- University: PennWest Clarion
- Nickname: Golden Eagles
- NCAA: Division II (primary) Division I (wrestling)
- Conference: PSAC (primary) MAC (wrestling)
- Athletic director: Dr. Wendy Snodgrass
- Location: Clarion, Pennsylvania
- Varsity teams: 15 (6 men's, 9 women's)
- Football stadium: Memorial Stadium
- Basketball arena: Waldo S. Tippin Gymnasium
- Colors: Blue and gold
- Website: clariongoldeneagles.com

= Clarion Golden Eagles =

The Clarion Golden Eagles are the athletic teams that represent PennWest Clarion (known before July 2022 as Clarion University of Pennsylvania), located in Clarion, Pennsylvania, in NCAA Division II intercollegiate sports.

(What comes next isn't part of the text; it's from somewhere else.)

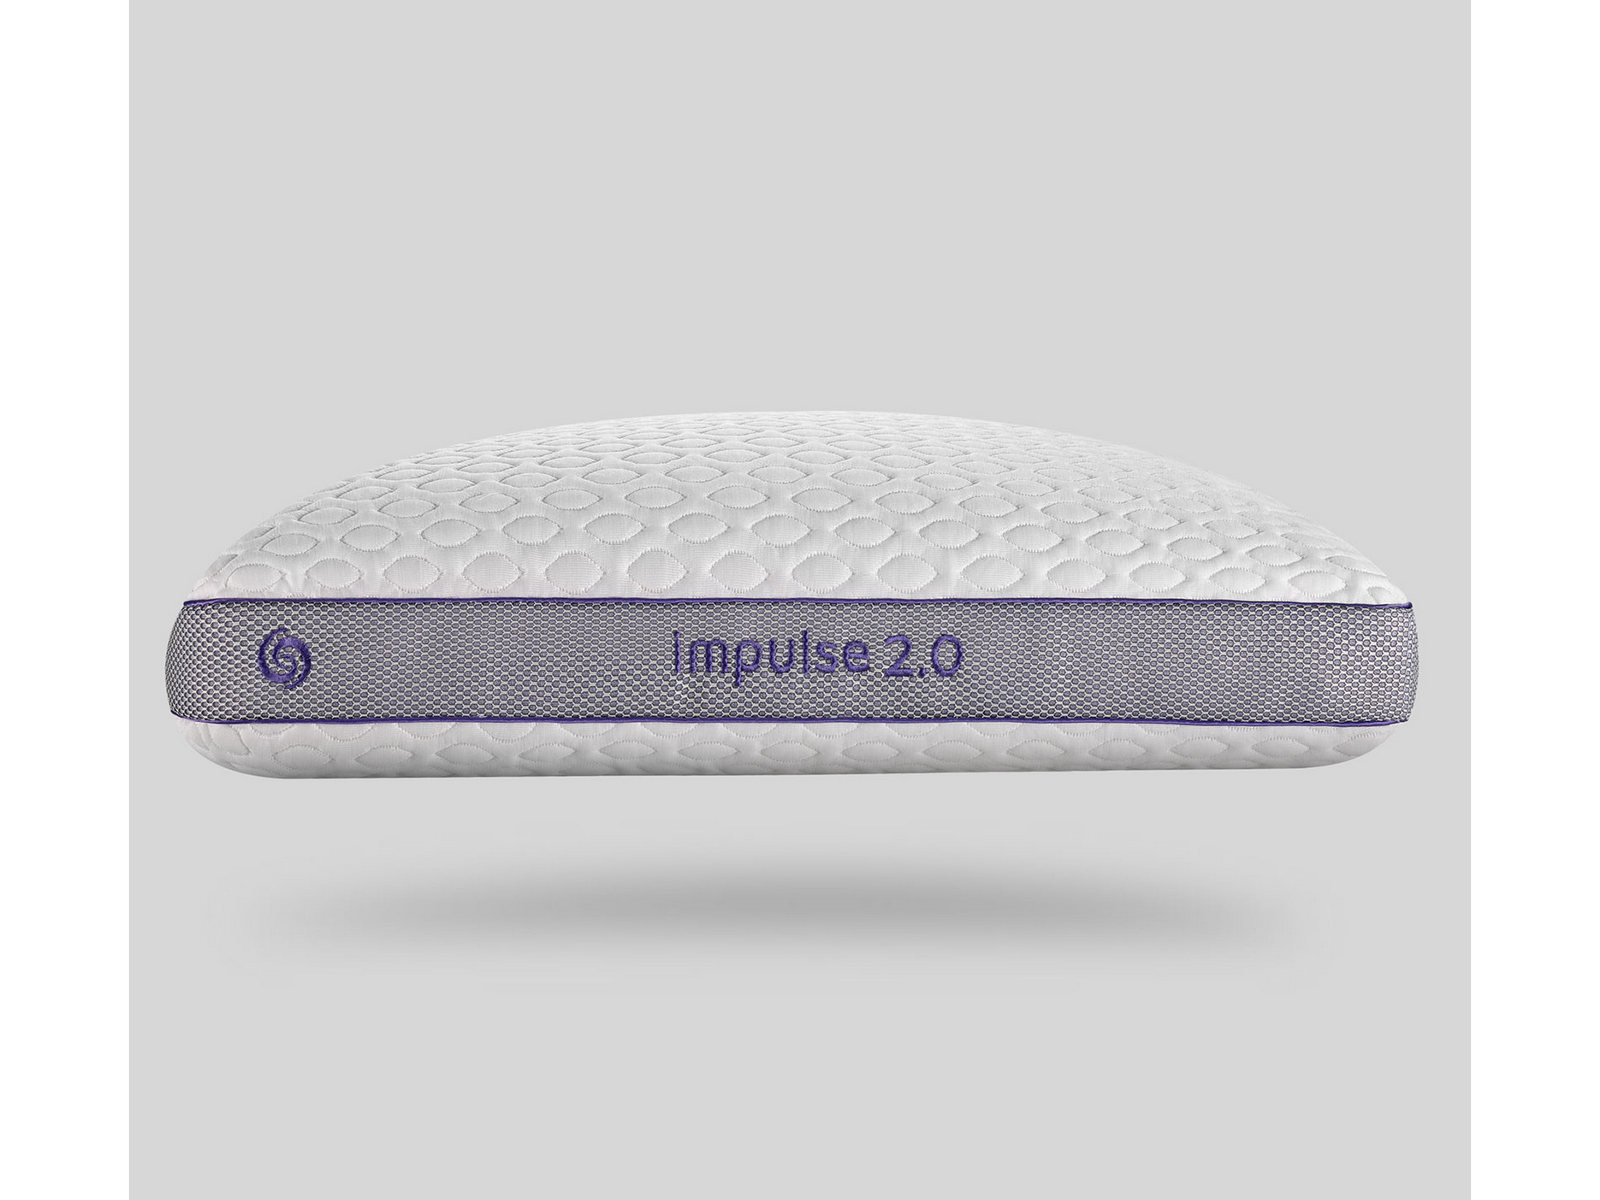 Bedgear Impulse 2.0 Pillow

The Golden Eagles are members of the Pennsylvania State Athletic Conference (PSAC) for 13 of 14 varsity sports; the wrestling team competes in the Mid-American Conference (MAC) as a member of the NCAA's Division I. The Golden Eagles have been a member of the PSAC since its foundation in 1951.

==History==
Notable former Golden Eagles include Kurt Angle NCAA Division I Wrestling Champion and Olympic Wrestler; former UFC Champion Frankie Edgar who was a four-time NCAA Division I tournament qualifier; Reggie Wells, NFL offensive lineman; Cy Young winner Pete Vukovich; and Men's NCAA Division I Basketball Champion Coach at Kentucky John Calipari, a point guard for Clarion University from 1980-1982.

===Conferences===
- 1908–1950: Independent
- 1951–present: Pennsylvania State Athletic Conference

==Varsity teams==
===List of teams===

Men's sports (6)
- Baseball
- Basketball
- Football
- Golf
- Swimming and diving
- Wrestling

Women's sports (9)
- Basketball
- Cross country
- Golf
- Soccer
- Softball
- Swimming and diving
- Tennis
- Track and field
- Volleyball

== National championships==
===Team===

| Association | Division | Sport | Year | Opponent/Runner-Up | Score |
| NCAA | Division II | Women's Swimming and Diving (3) | 1984 | UC Irvine | 262–212 |
| UC Davis | 285–227 |
| 1986 | Cal State Northridge | 428–283 |

==Individual sports==
===Football===
Clarion has made one appearance in the NCAA Division II football playoffs; their record is 2–1.

| Year | Round | Opponent | Result |
| 1996 | First Round Quarterfinals Semifinals | Bloomsburg Ferris State Northern Colorado | W, 42–29 W, 23–31 L, 18–19 |
| Playoff Record |  |  | 2–1 |  |

The team defeated the East Carolina Pirates in the 1952 Lions Bowl, 13–6.